1 Hardware: DGX Station GB300

1.1 Specifications

Component Specification
GPU NVIDIA GB300 Grace Blackwell Ultra Superchip
GPU memory (HBM3e) 252 GB @ 7.1 TB/s bandwidth
CPU memory (LPDDR5X) 496 GB @ 396 GB/s bandwidth
Total unified memory 784 GB
AI compute ~20 PFLOPs (FP4)
CPU-GPU interconnect 900 GB/s NVLink-C2C
Networking 800 Gb/s CX8 SuperNIC
Power 1600W TDP
Form factor Desktop tower

1.2 Australian purchasing options

The DGX Station ships through NVIDIA’s partner network. Australian vendors include:

  • XENON Systems — NVIDIA Elite Partner for ANZ, handles full DGX product line including enterprise support contracts
  • Dell Australia — official NVIDIA Partner Network reseller
  • MSI — its XpertStation WS300 is the DGX Station reference design, listed at $85,000 USD
  • MMT — Australia’s NVIDIA distributor, handy for configure-to-order options

We should expect $135,000–$195,000 AUD landed, depending on configuration.
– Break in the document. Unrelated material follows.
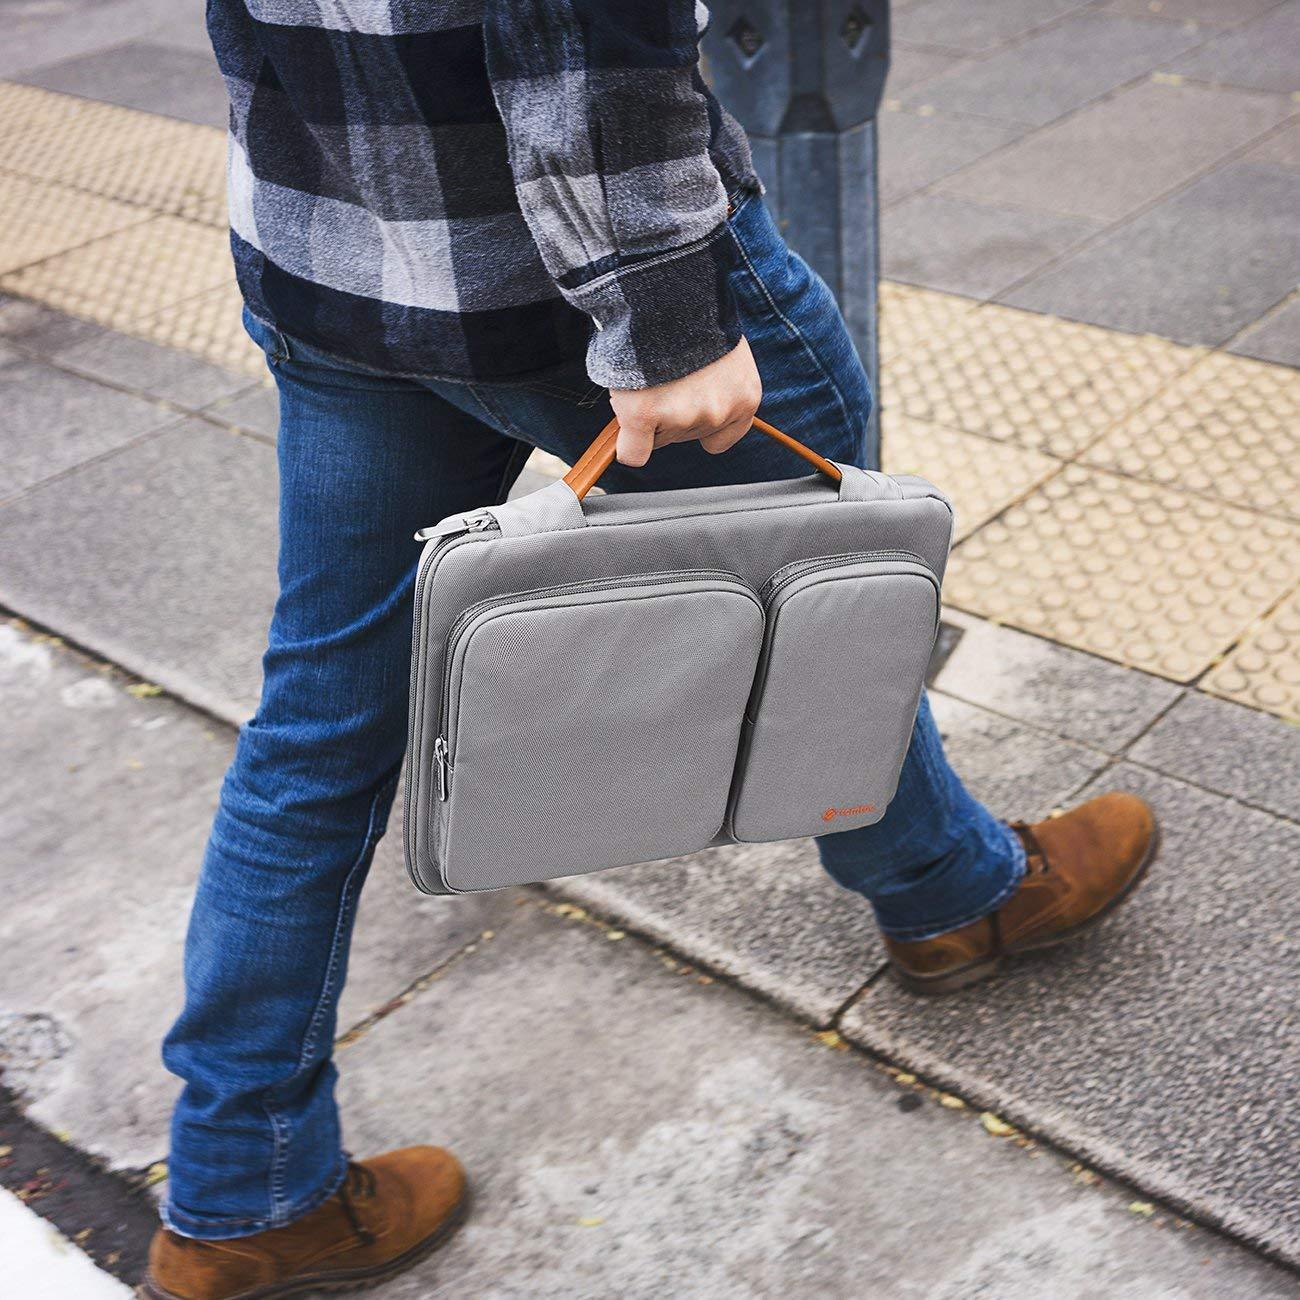 tomtoc Funda para port/átil Compatible MacBook Air de 2018 de 13 Pulgadas con Pantalla Retina MacBook Pro de 13 Pulgadas Malet/ín para Port/átil Resistente Al Agua Surface Pro 6

We should budget for GST, shipping, and a UPS (we do not want 1600W of AI compute on raw mains power in Australia).

1.3 Power and cooling

1600W sustained is significant but not exotic—it’s about the same as a large space heater. Standard Australian residential outlets are 10A at 240V (2400W), which is fine if it has its own circuit; we’d want an electrician to install a dedicated 20A circuit for anything larger(4800W at 240V), which is a routine job. We’ll want adequate room ventilation or a dedicated cooling solution if we keep the machine in a small space.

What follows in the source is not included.